Problem to work on: Verbatim copy, images omitted: return the full listing.

▶

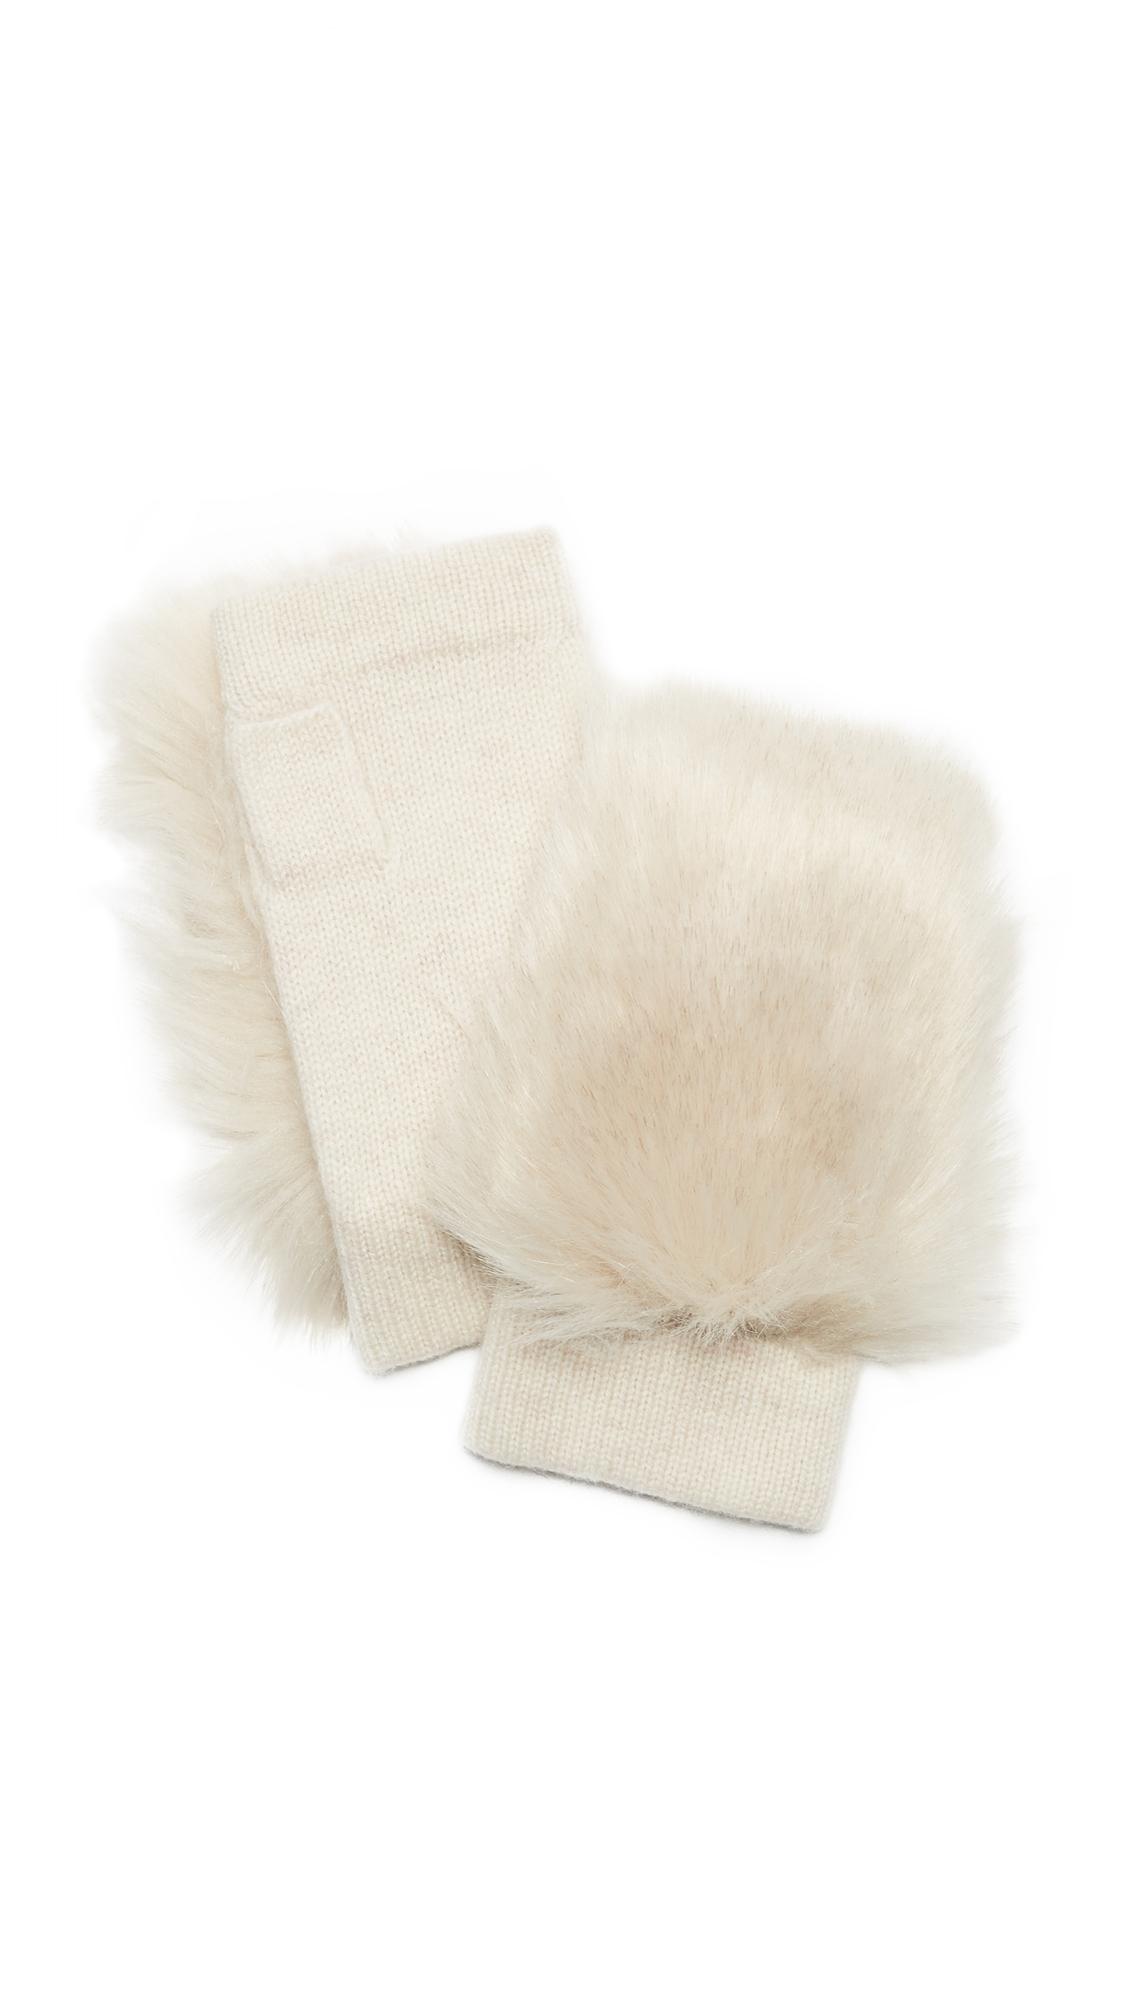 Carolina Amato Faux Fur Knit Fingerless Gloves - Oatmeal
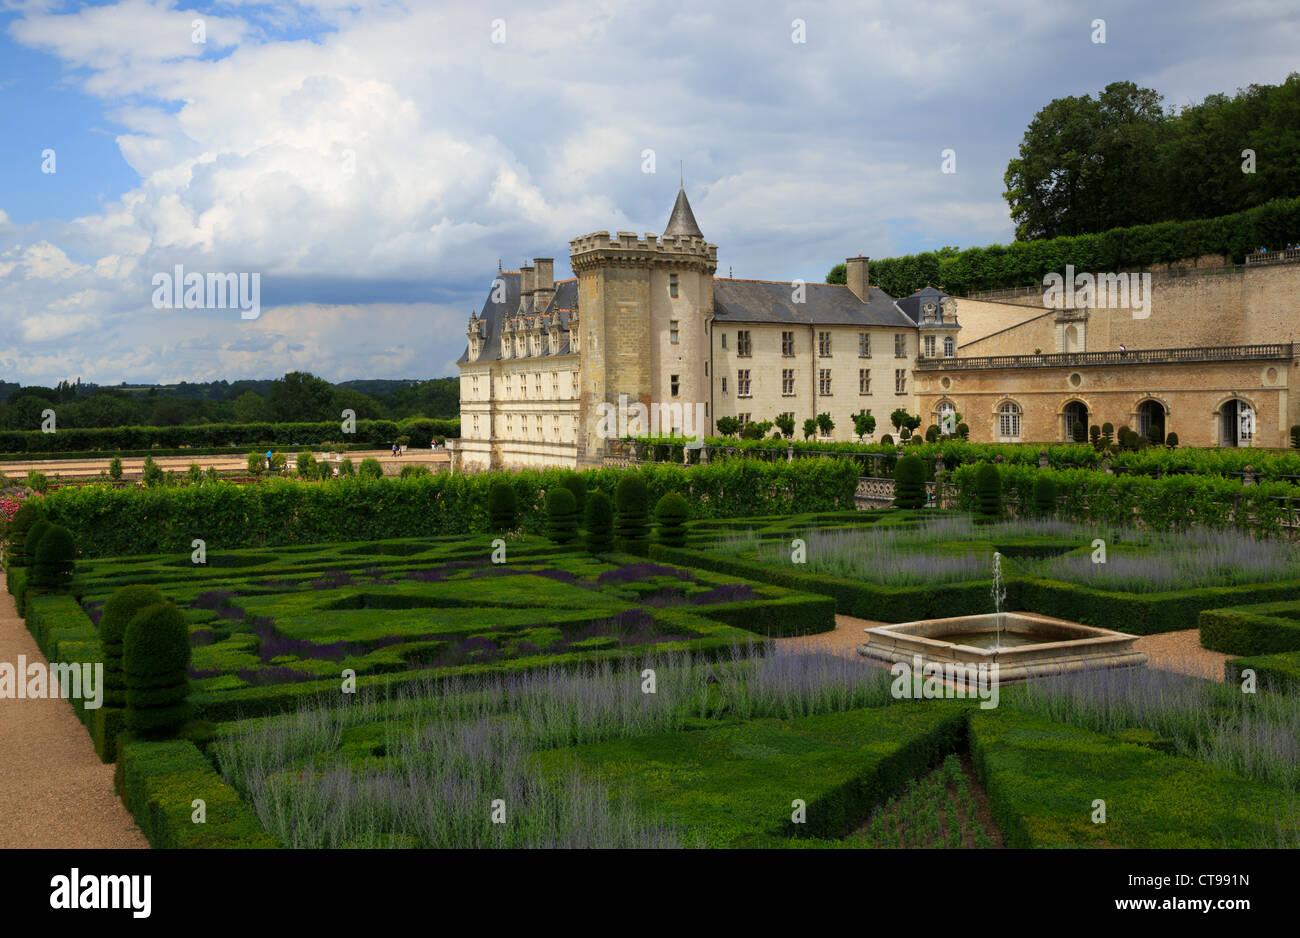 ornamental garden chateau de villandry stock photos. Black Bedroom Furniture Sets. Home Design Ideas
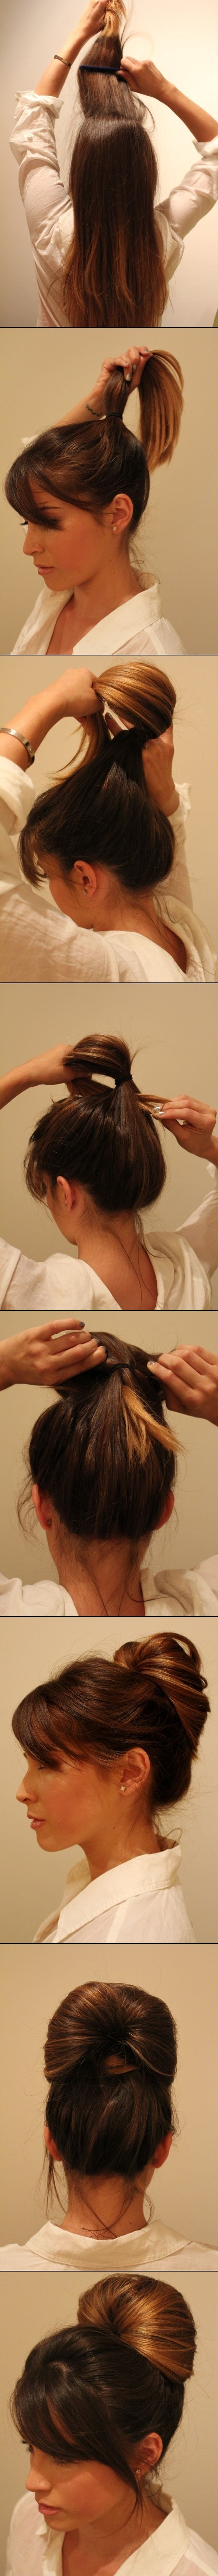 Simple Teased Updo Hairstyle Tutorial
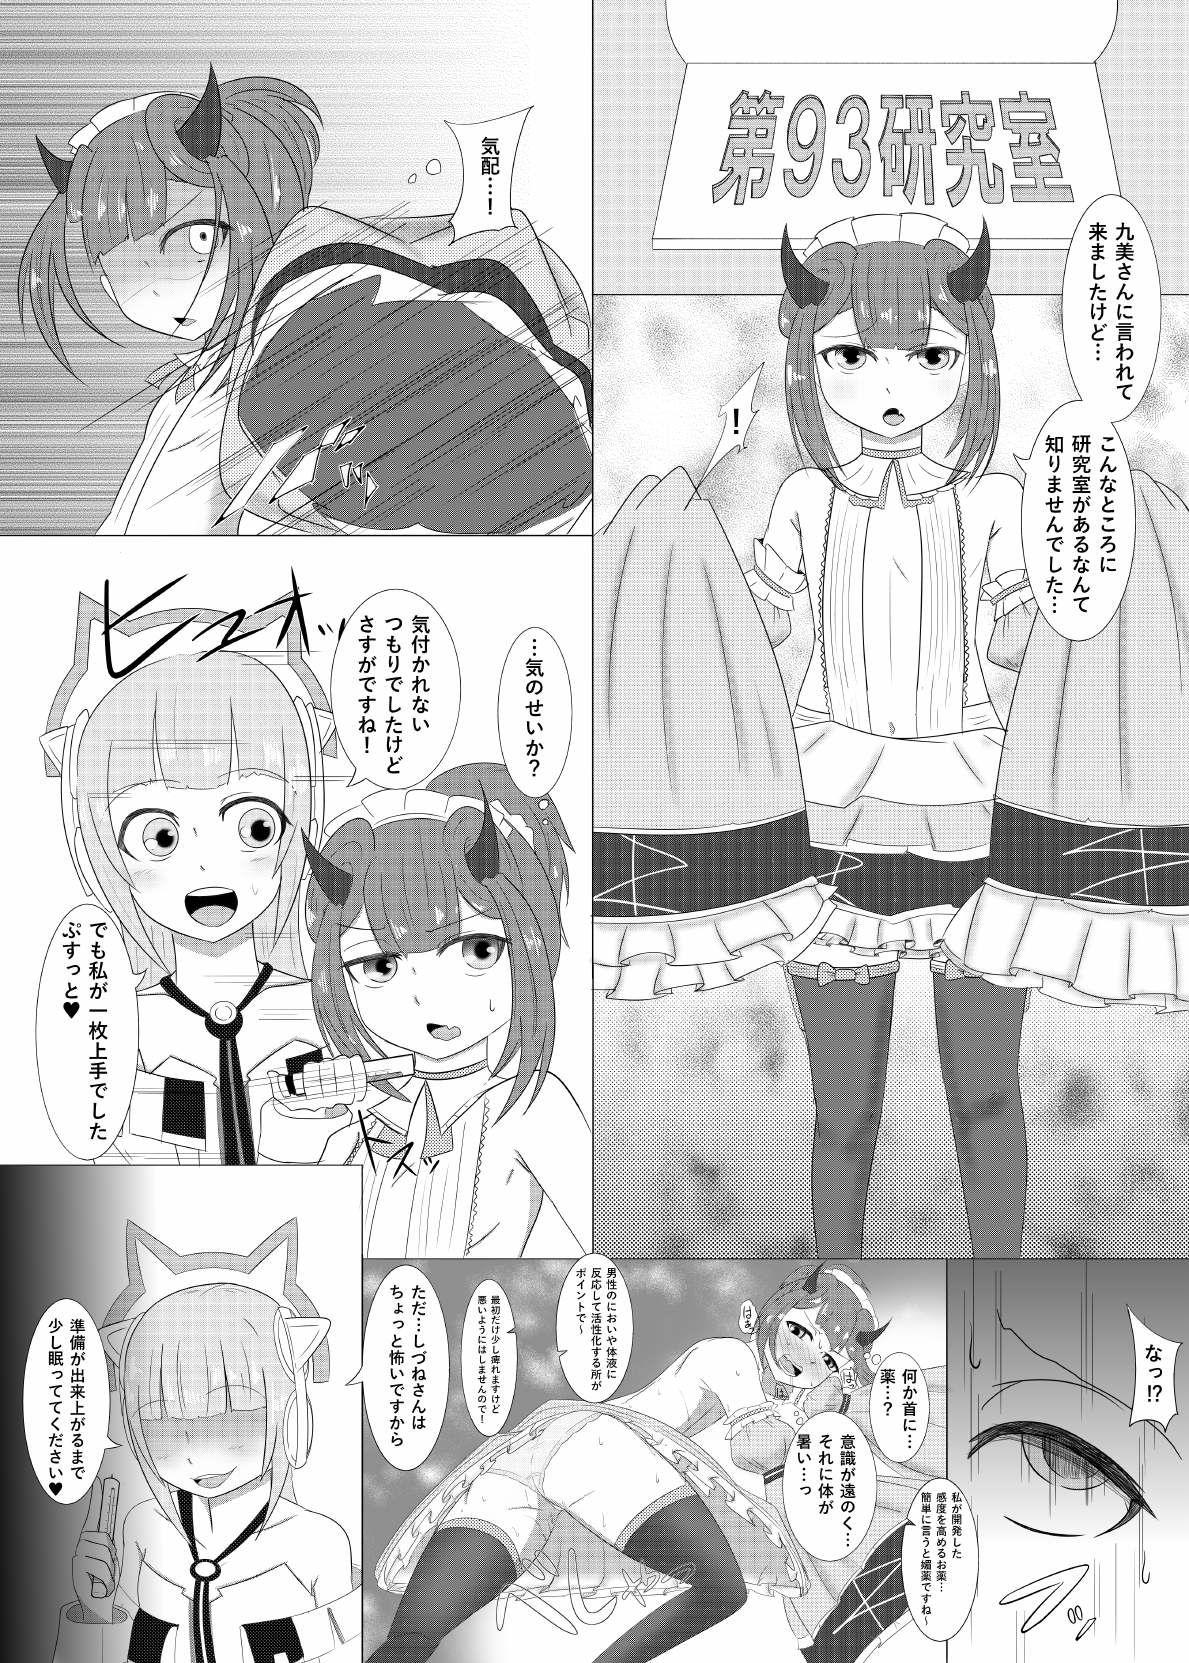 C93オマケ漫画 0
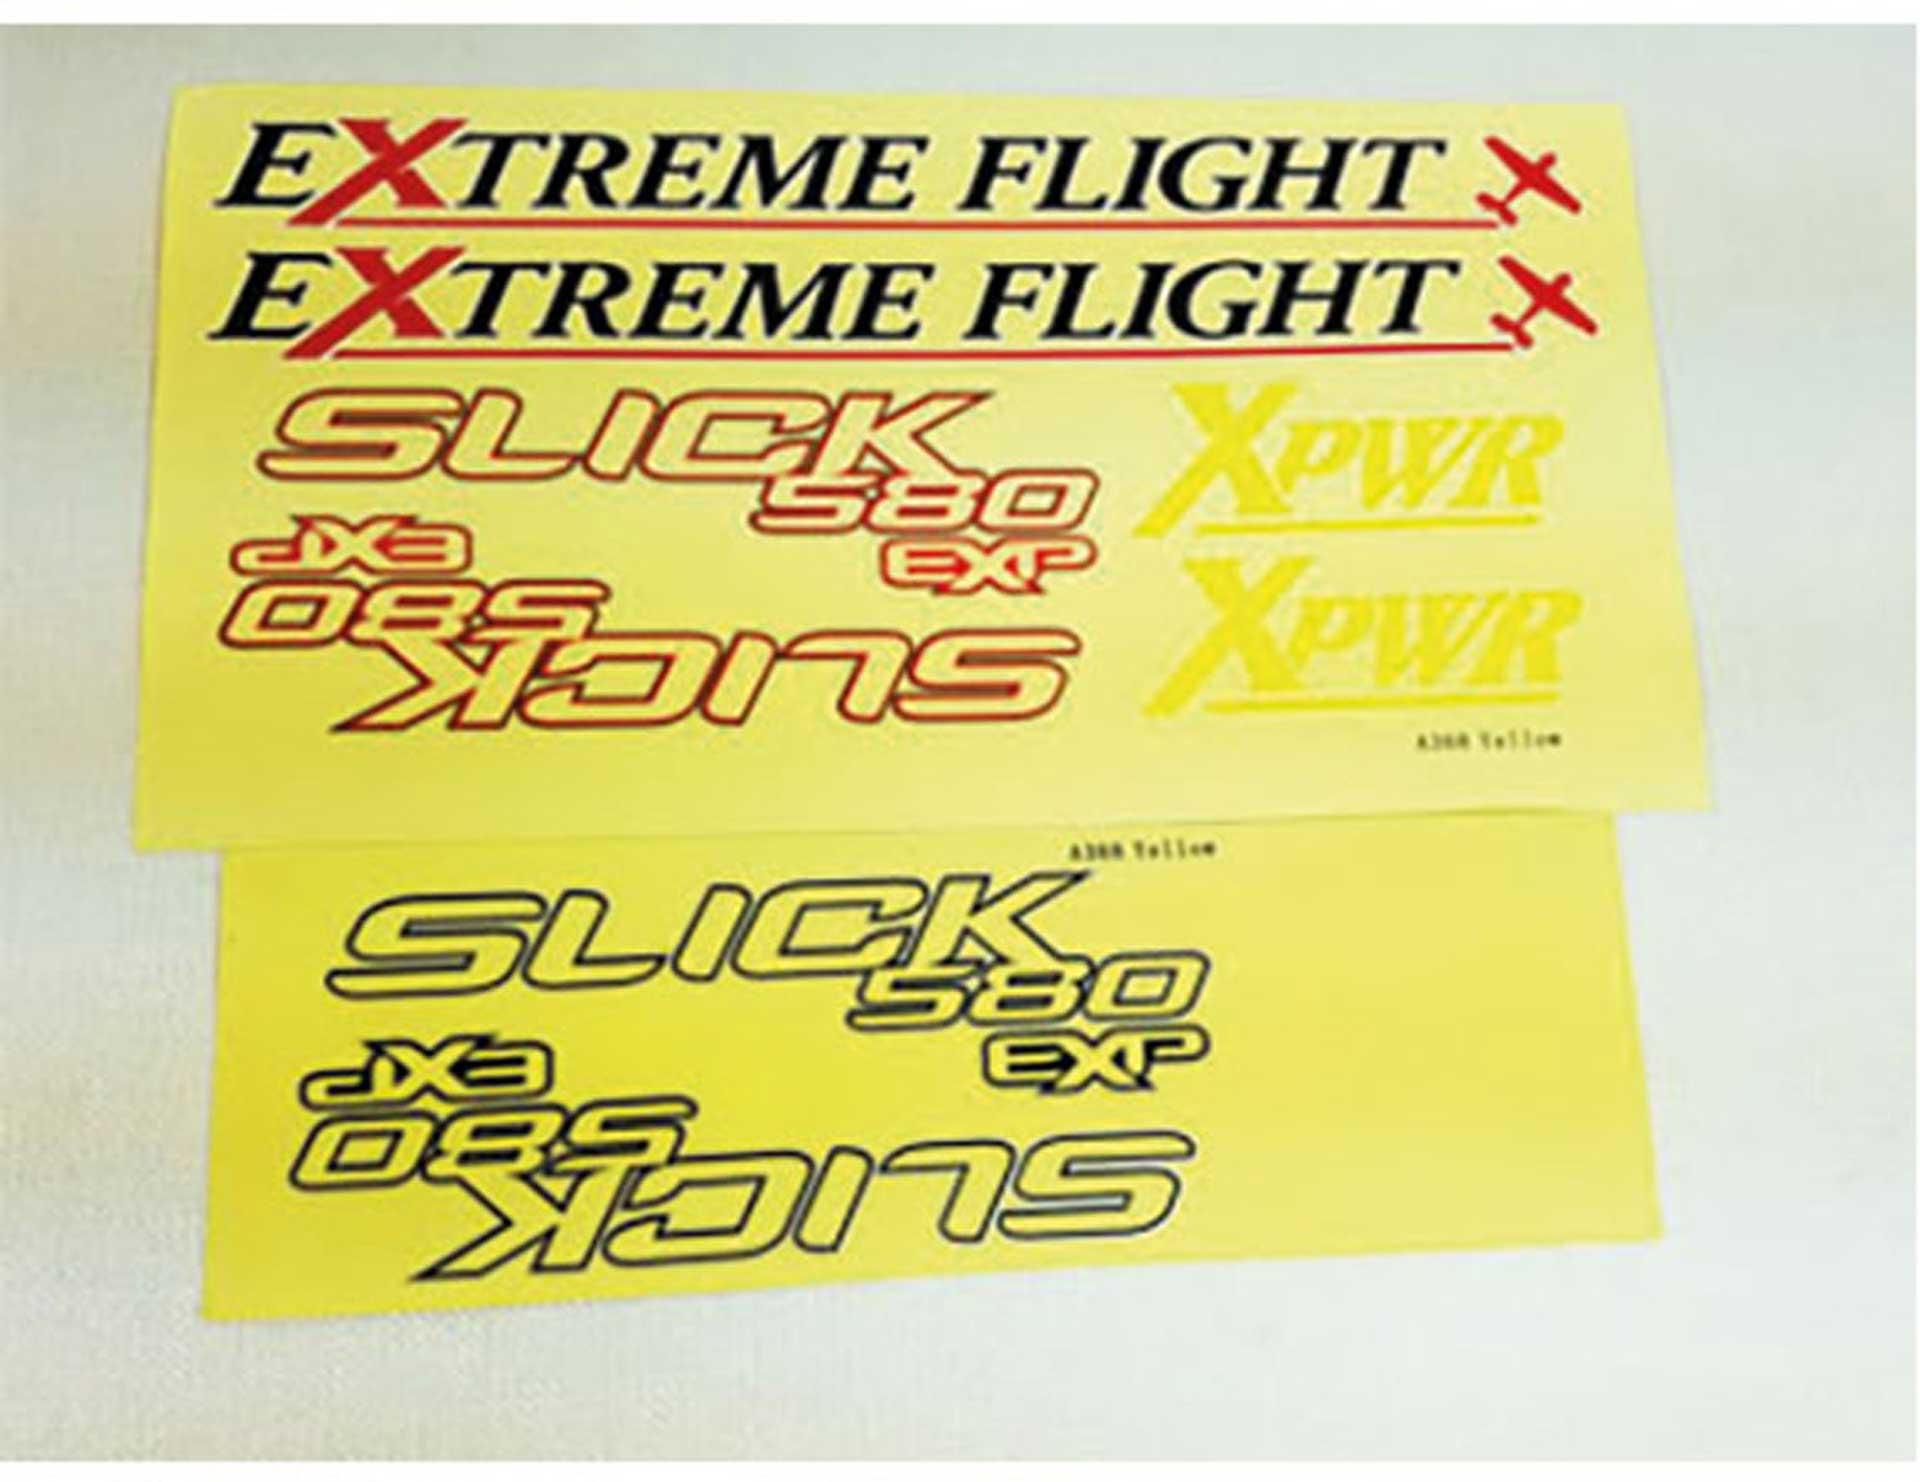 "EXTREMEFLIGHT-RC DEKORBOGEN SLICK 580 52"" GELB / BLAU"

◀

Response to the exercise:
 Carolina Amato Faux Fur Knit Fingerless Gloves - Oatmeal
 ornamental garden chateau de villandry stock photos. Black Bedroom Furniture Sets. Home Design Ideas
 Simple Teased Updo Hairstyle Tutorial
 C93オマケ漫画 0
 "EXTREMEFLIGHT-RC DEKORBOGEN SLICK 580 52"" GELB / BLAU"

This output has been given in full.